October 21, 2013
AUSTIN, Tex., Oct. 21 -- The Texas Advanced Computing Center (TACC) at The University of Texas at Austin today announced that the innovative, highly parallel Intel Xeon Phi coprocessors that add more than seven petaflops (PF) of performance to the Stampede supercomputer were accepted by a National Science Foundation (NSF) review team and began full production in August.
With the Xeon Phi coprocessors now in production, TACC and the Cornell University Center for Advanced Computing, one of the Stampede project partners, are ramping up training activities and providing the documentation necessary to assist researchers in making the most effective, efficient use of this new technology.
“We’re excited that the coprocessors have entered full production mode, and as a result, we’re offering more training and documentation to expand the growing user base,” said TACC Director Jay Boisseau. “This technology provides a unique capability and opportunity for researchers, especially as one of the paths toward exascale computing.

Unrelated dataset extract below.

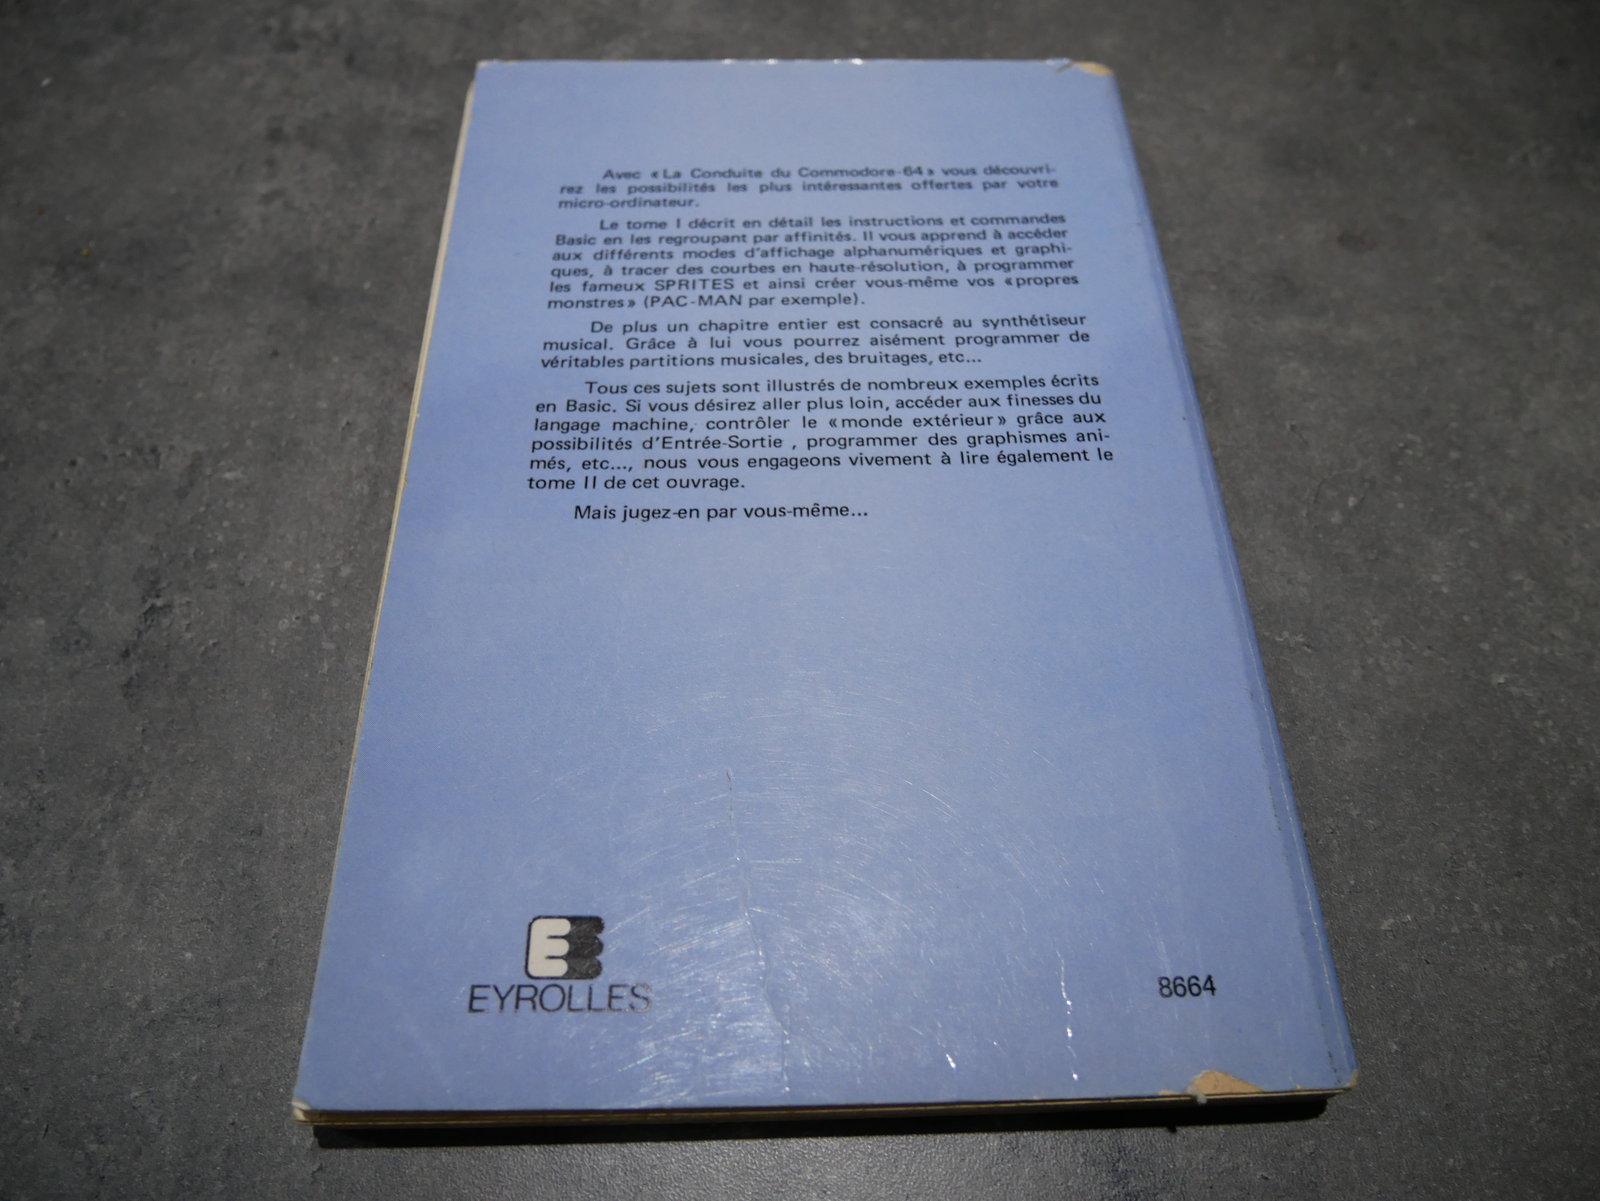 [VDS] C64/128 : divers accessoires (livre, logiciel, cartouches) 20051205545384087
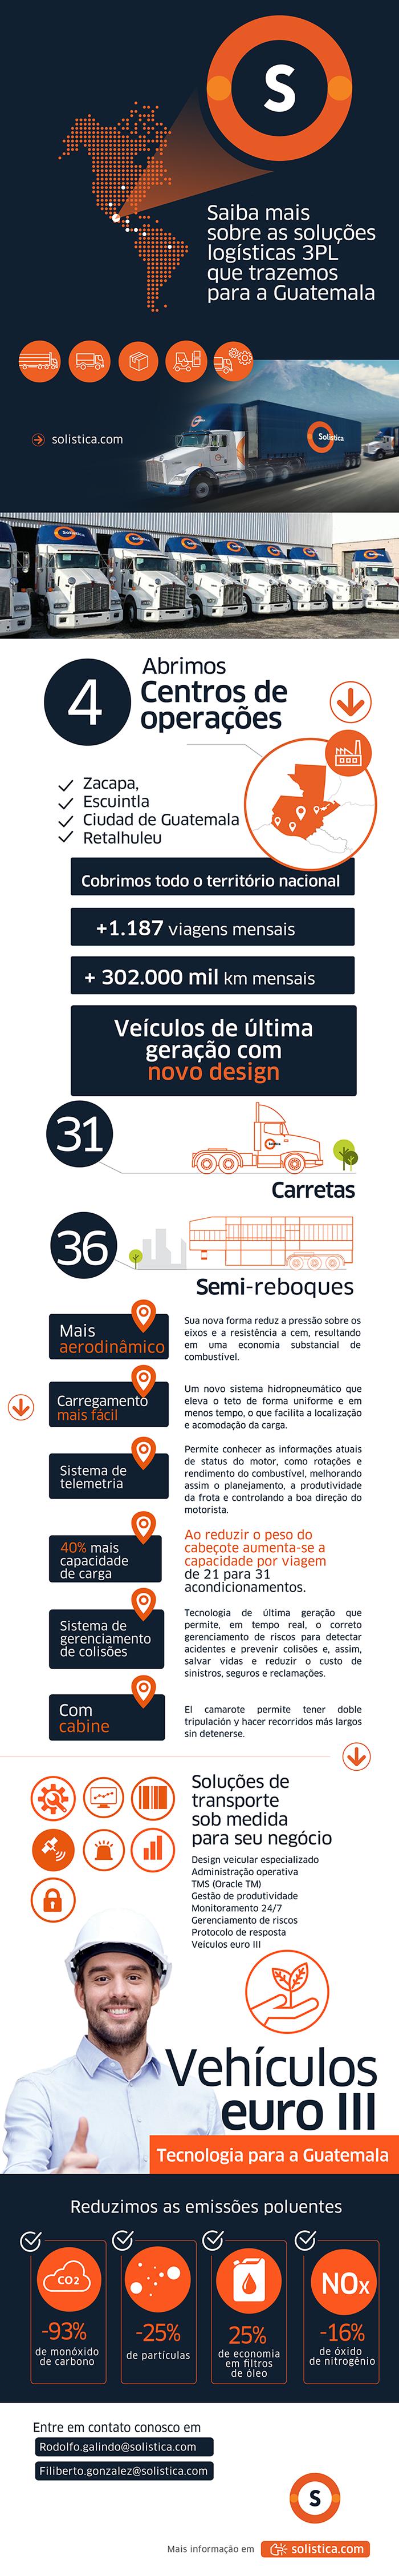 Blog cuerpo (Portugues)  2500 x 11800 px-01

These highly data parallel processors will become even more powerful with subsequent generations.”
TACC expects Stampede to receive the next generation of Intel Xeon Phi coprocessors in the 2015 timeframe.
With a theoretical peak performance of nearly 10 petaflops, Stampede is powered by two different Intel processor architectures: the base cluster, which comprises 6,400 nodes with two Intel Xeon E5 processors each, providing 2.2 petaflops of computing power; and the innovative component, which comprises 6,880 Intel Xeon Phi coprocessors that add more than seven petaflops of performance.
“The base cluster of Stampede is heavily utilized,” said Bill Barth, TACC’s director of High Performance Computing. “Now that we’ve fully explored the performance ramifications of the innovative coprocessors, we encourage users to adopt them if their codes are amenable to any of the programming styles.”
When it was deployed in January 2013, Stampede was the first large-scale system to integrate the new Intel Xeon Phi coprocessor technology. The system is the most powerful and capable of the 16 high performance computing, visualization and data analysis resources in the NSF-funded Extreme Science and Engineering Discovery Environment (XSEDE) partnership.
Today, nearly 3,000 science and engineering researchers from around the world use Stampede to tackle a variety of numerical and data-intensive problems. Through in-person, webcast and online training, TACC staff assists these researchers in using resources of this magnitude to achieve their scientific goals.